Manolo Lucena

Personal information
- Full name: Manuel Lucena Medina
- Date of birth: 18 November 1982 (age 42)
- Place of birth: Granada, Spain
- Height: 1.86 m (6 ft 1 in)
- Position(s): Centre-back

Youth career
- 2000–2001: Imperio Albolote

Senior career*
- Years: Team / Apps / (Gls)
- 2001–2002: Arenas
- 2002–2005: Granada / 64 / (4)
- 2004–2005: → Marino (loan) / 32 / (6)
- 2005: Sporting Gijón / 3 / (0)
- 2006–2013: Granada / 181 / (15)
- 2013–2014: Mirandés / 11 / (0)
- Total:  / 291 / (25)

= Manuel Lucena =

Spanish footballer

Manuel 'Manolo' Lucena Medina (born 18 November 1982) is a Spanish former footballer who played as a central defender.

His professional career was mainly associated with Granada, with which he competed in all four major levels of Spanish football.

==Club career==
Lucena was born in Granada, Andalusia.
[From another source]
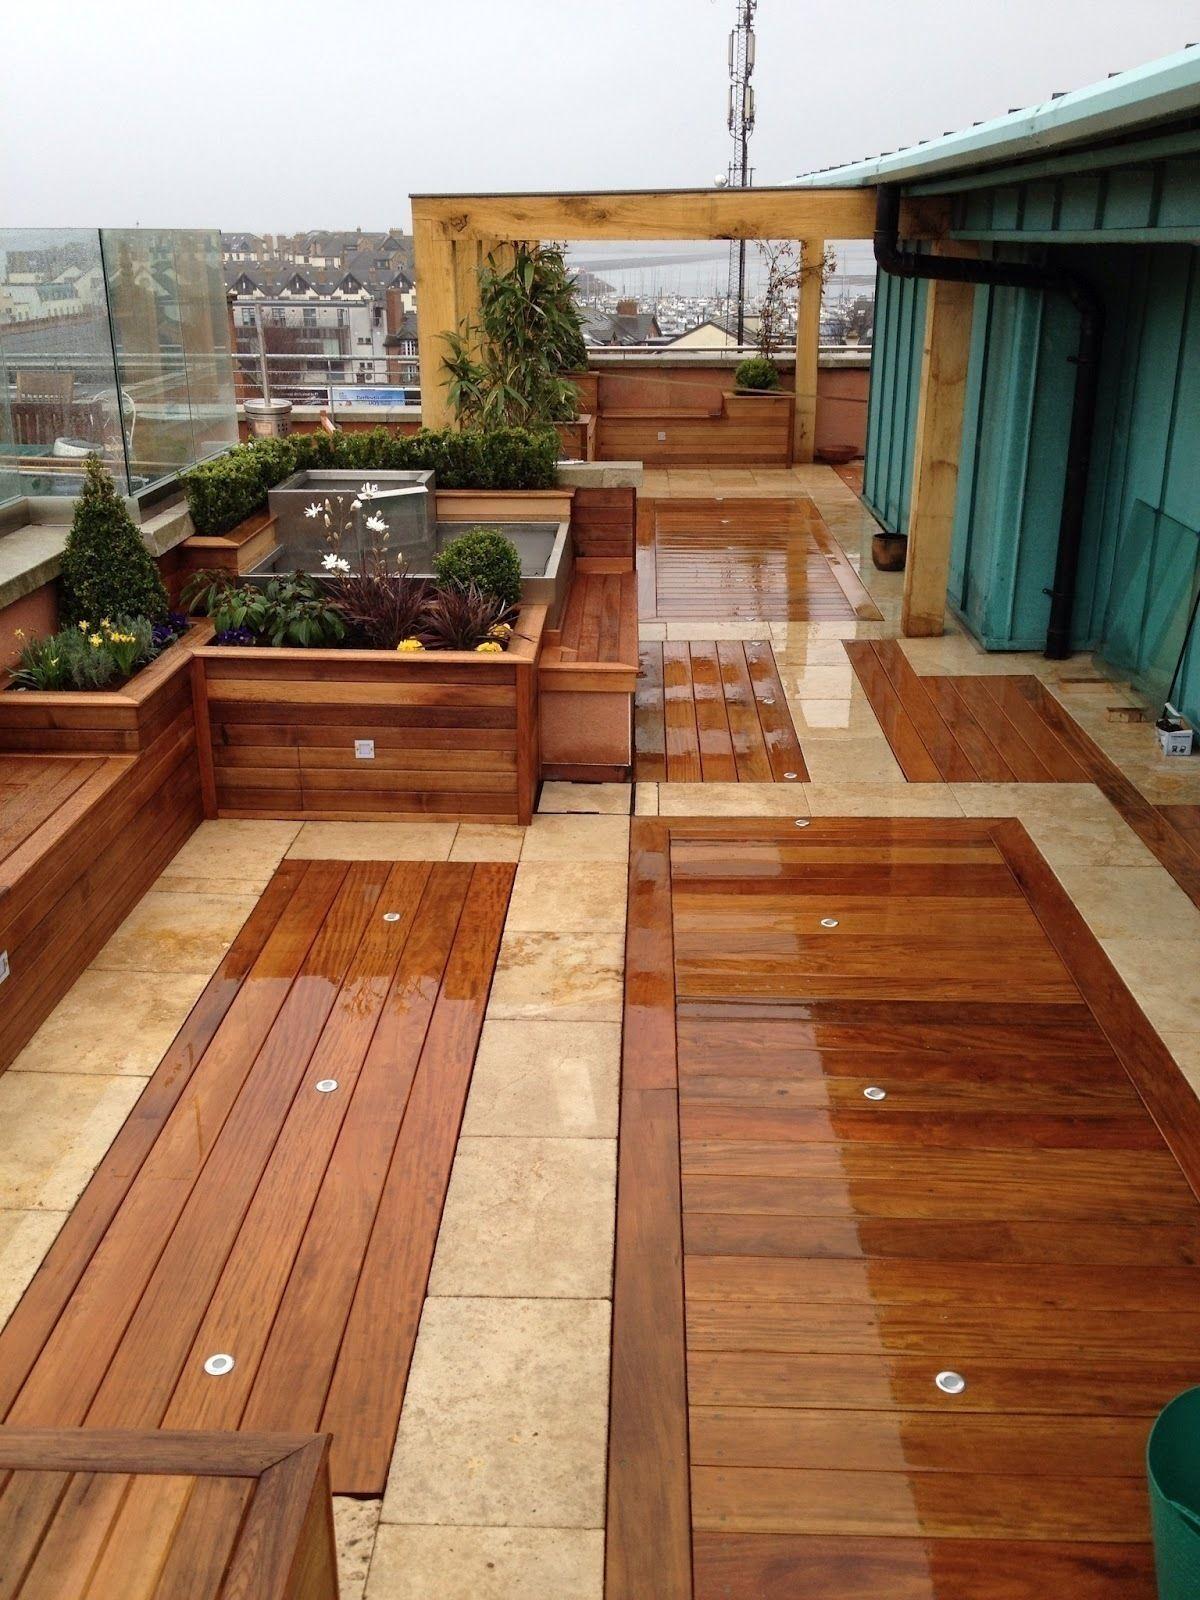 Bezaubernde Dach Garten Ideen #Badezimmer #Büromöbel #Couchtisch #Deko Ideen  #Gartenmöbel #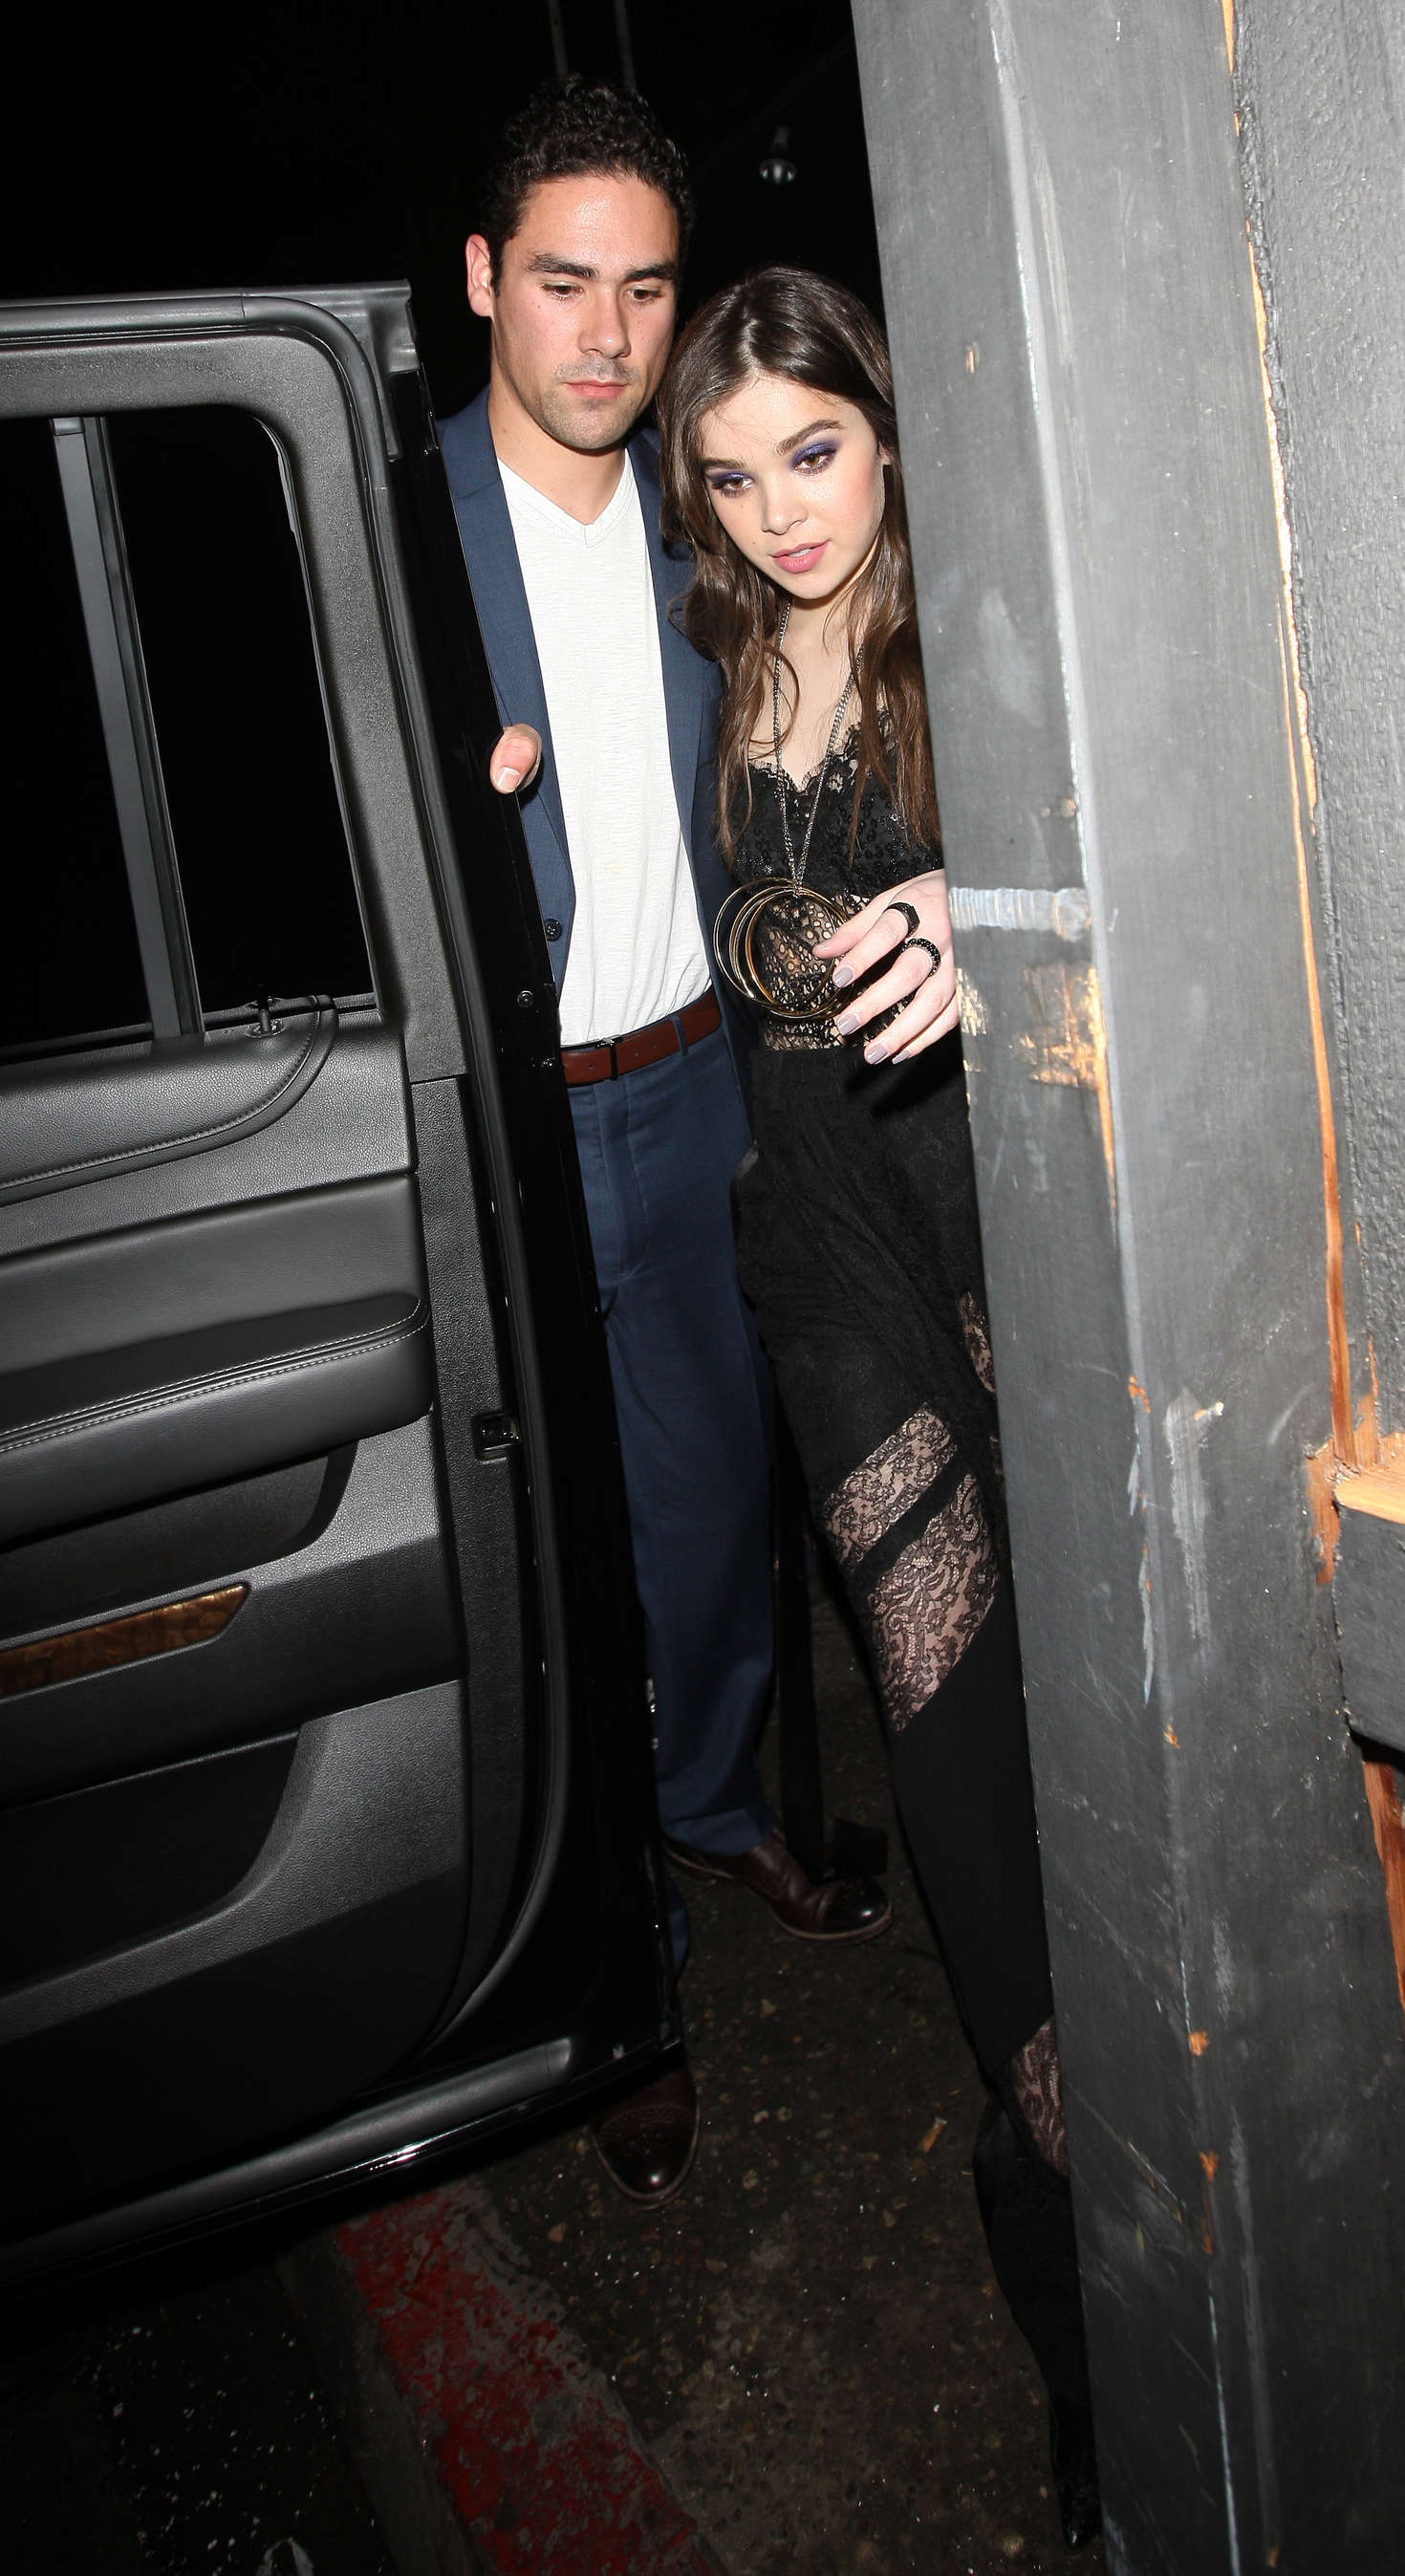 Hailee Steinfeld 2016 : Hailee Steinfeld: Leaving the Nice Guy Club -14

In 2002 he signed for his hometown's Granada CF, at the time in the Tercera División. After two years as a starter he was loaned to Marino de Luanco of Segunda División B, being first-choice in his only season as the Asturias club narrowly avoided relegation.

In the summer of 2005, Lucena joined Sporting de Gijón in the Segunda División. In January 2006, with only three league appearances to his credit – seven minutes in total – he returned to Granada, scoring five goals as the team promoted from the fourth division.

Lucena remained a key player in the following three third-tier campaigns, never appearing in less than 32 league games and occasionally pitching in at defensive midfielder. In 2009–10, already as team captain, he contributed 26 matches and one goal en route to a return to division two after 22 years.

In late June 2011, after a second consecutive promotion for Granada, with him as the club's only player from the region of Granada, Lucena renewed his contract for a further two seasons. He made his La Liga debut on 27 August in a 0–1 home loss against Real Betis (90 minutes played), but totalled only nine official games over two seasons, being released subsequently.

Lucena retired at the end of the 2013–14 campaign at the age of 31, following a spell with CD Mirandés in the second tier. In February 2015, he returned to Granada as match delegate.